期刊名称:International Journal of Computer Science and Network Security
印刷版ISSN:1738-7906
出版年度:2013
卷号:13
期号:10
页码:119-127
出版社:International Journal of Computer Science and Network Security
摘要:The increasing amount of XML datasets available to casual users increases the necessity of investigating techniques to extract knowledge from these data. Data mining is widely applied in the database research area in order to extract frequent values from both structured and semi structured datasets. Extracting information from semi structured documents is a very hard task, and is going to become more and more critical as the amount of digital information available on the Internet grows. Documents are often so large that the data set returned as answer to a query may be too big to convey required knowledge. Thus an approach to mine the data using Tree-based association rules from XML documents.

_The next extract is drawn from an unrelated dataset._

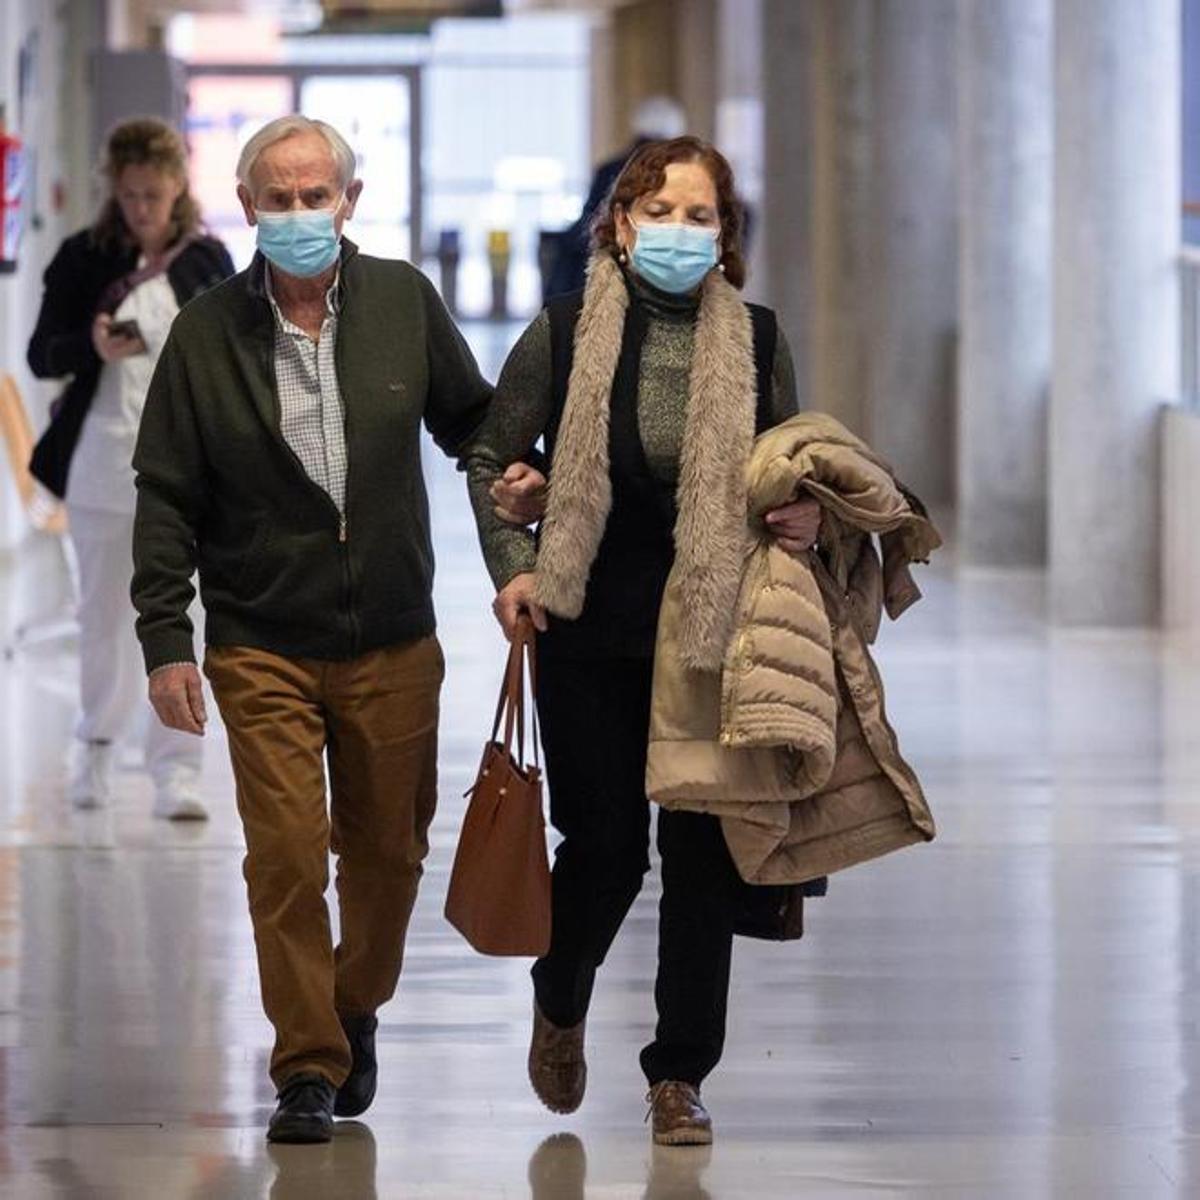 Las autoridades sanitarias recomiendan el uso de mascarillas para prevenir el contagio de las enfermedades respiratorias.

TAR rules will provide information on both the structure and the content of XML documents. Moreover, they can be stored in XML format to be queried later on. The mined knowledge is approximate, intensional knowledge used to provide the quick, approximate answers to queries and also the information about structural regularities that can be used as data guides for document querying. An association rule is useful for discovering interesting relationship hidden in the datasets. The indexing mechanism improves the speed of data retrieval operations. Thus an approach called Path Based Indexing is used to retrieve the Query in an efficient way.
关键词:XML; approximate query-answering; Data Mining; TAR; Path Based Indexing.